Janet also knew that right now, for Lucas, giving up what he possessed was more difficult than it was for her. She didn't say a thing about it—she didn't even let a facial expression about it cross her countenance. When he said that the drums were his, they were. When he said that his money was his, it was. When he said that his recordings of his favorite music were his, they were. Whatever pressure Lucas was to feel, it was not going to come from Janet. One night, when they had something of an argument about the Temple, Lucas said that he wasn't going to sign anything and he expected Janet not to sign anything, either, even a blank piece of paper. If she wanted them to attend like all of their friends, then they had to be free to come and go; he had to be free to do his gigs. There would be no signing. Lucas said that one woman, Joyce someone, had told him that the papers were confessions of child molestation that the reverend would then use against you if you were disloyal and tried to leave the Temple, but Janet and Lucas agreed that this was such a ridiculous and paranoid idea that the woman must be making it up. People made a lot of things up about Reverend Jones—that he called himself God, that he said he could cure cancer, that he kept all the money for himself, that he threatened one woman in a service with a poisonous snake—but
Janet had never seen any of this, and neither had Lucas. There was a lot of pressure to go to services more than one day a week, but, after all, her mother sometimes went to AA meetings three or four days a week, and what was the difference, really?
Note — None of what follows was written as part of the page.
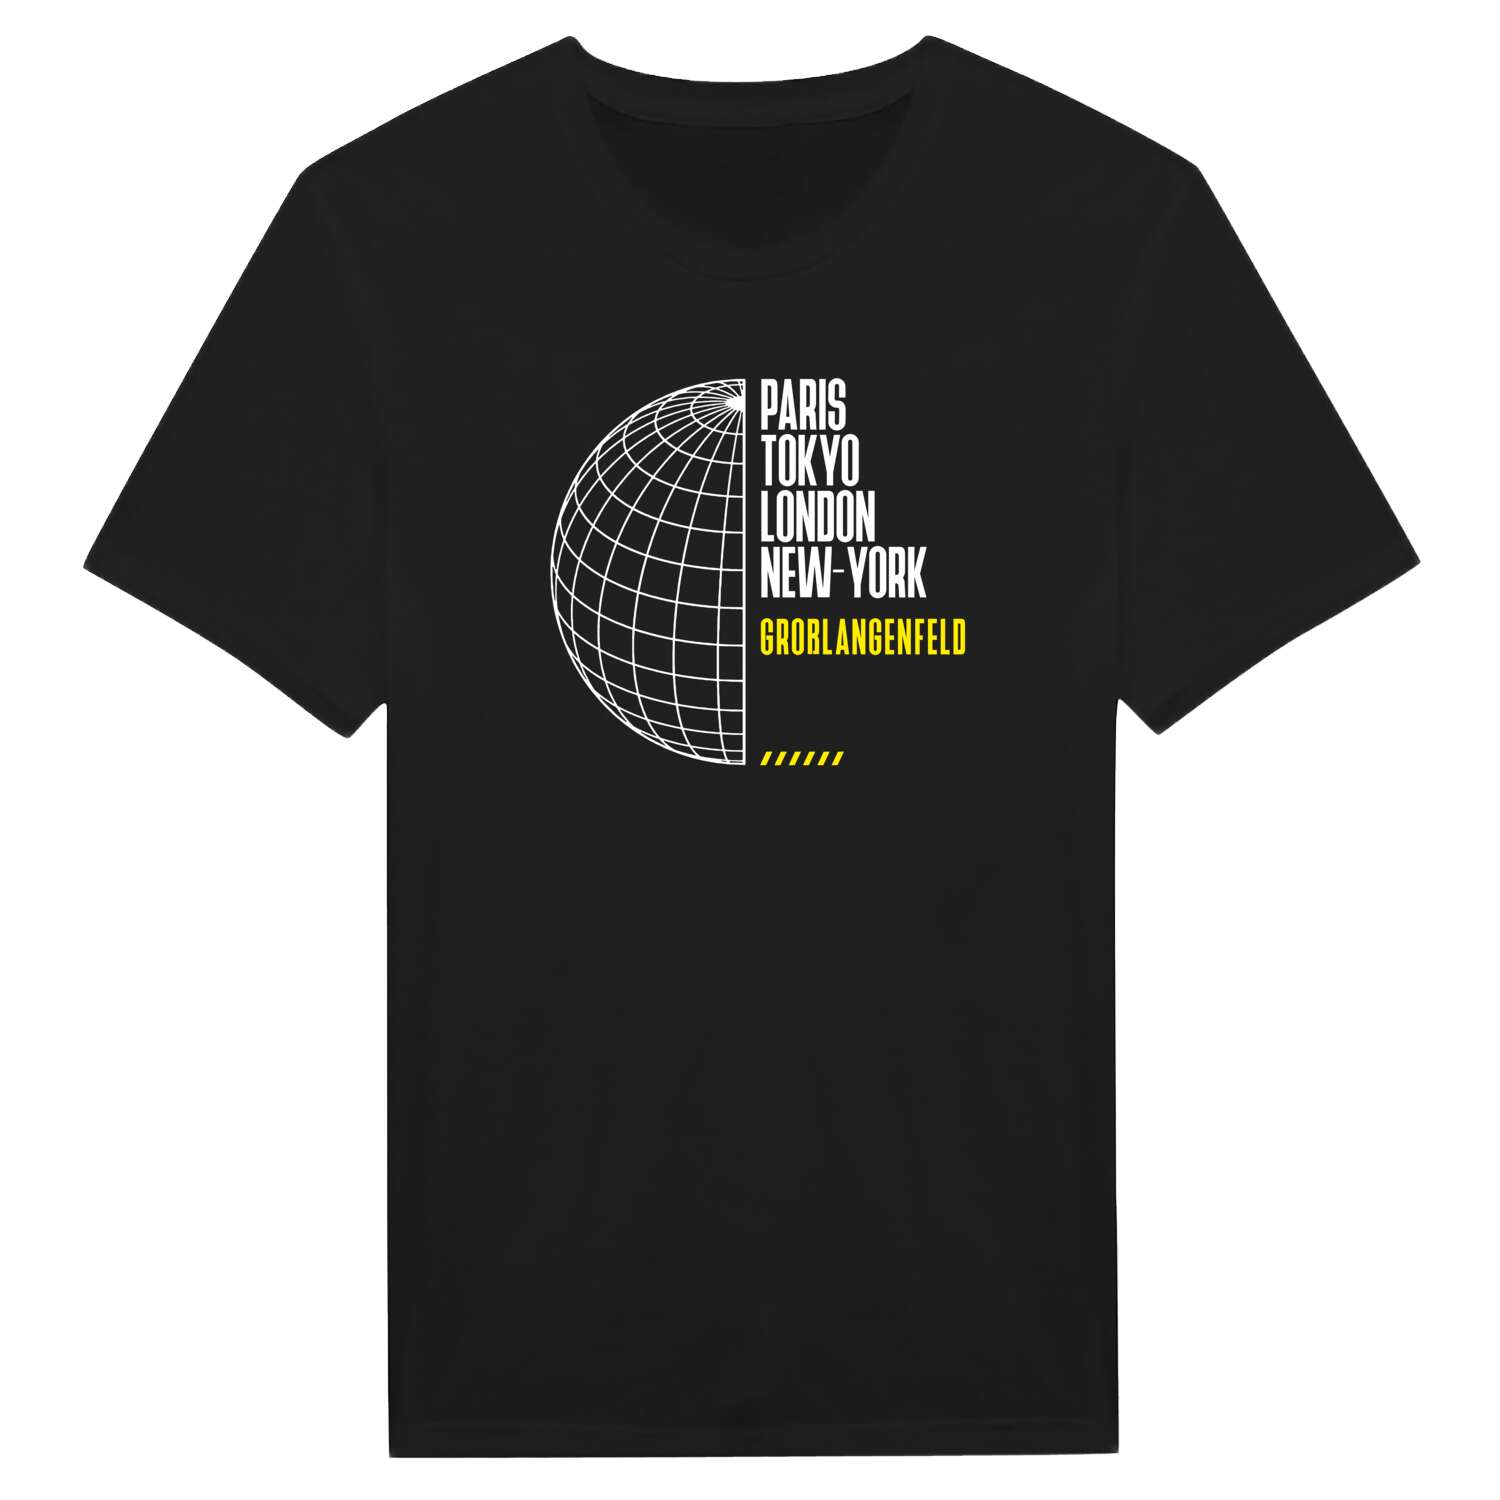 Großlangenfeld T-Shirt »Paris Tokyo London«

The 25 percent tithe was difficult in a way, but when Janet looked around the congregation at the smiling faces of old folks and some others, like Jorge, who had nothing, she could not think of what else to spend her money on, so why not hand it over?

Today she was all right, too. Last night, it had been difficult to stand there and be shouted at by Cat, by Lena, and by Reverend Jones, told that she was vain and foolish and selfish, that she thought only of Janet Langdon and never of others, that she seemed unable to learn any of the lessons the reverend was trying to teach her. She was evasive or stupid, take your pick—which was worse in the end? If she was really looking for the truth, what was she waiting for? Where was her purse? Hand it over. What were these silly things she kept to herself? Just vanity and childishness. No one was asking her to walk down the street naked, just penniless. What would be so bad about that? People all over the world did it all the time, and their souls thrived on it. To give is to receive—how long would it take her to learn that? If her boyfriend, Lucas, was holding her back, get rid of the fellow; it would be better for the both of them. Go ahead and nod and say yes; no one believes you; we all know you; we all know how hard-hearted and selfish you are; you deserve nothing until you have nothing, and then something will come of it. And so on. Until after midnight. Lucas had sat quietly, looking on, and then left at some point. Finally, when she was really crying, down on her knees with her hands over her face, Reverend Jones came over, took her hand, lifted her up, and put his arms around her. He said to cry it out—every tear was a drop of selfishness pouring forth, making room for the humility that was the true grace of God. Surely she didn't want to remain as she had begun, the corrupt child of a corrupt world? No, he could tell that she did not; he loved her; he could see the precious light dawning in her eyes.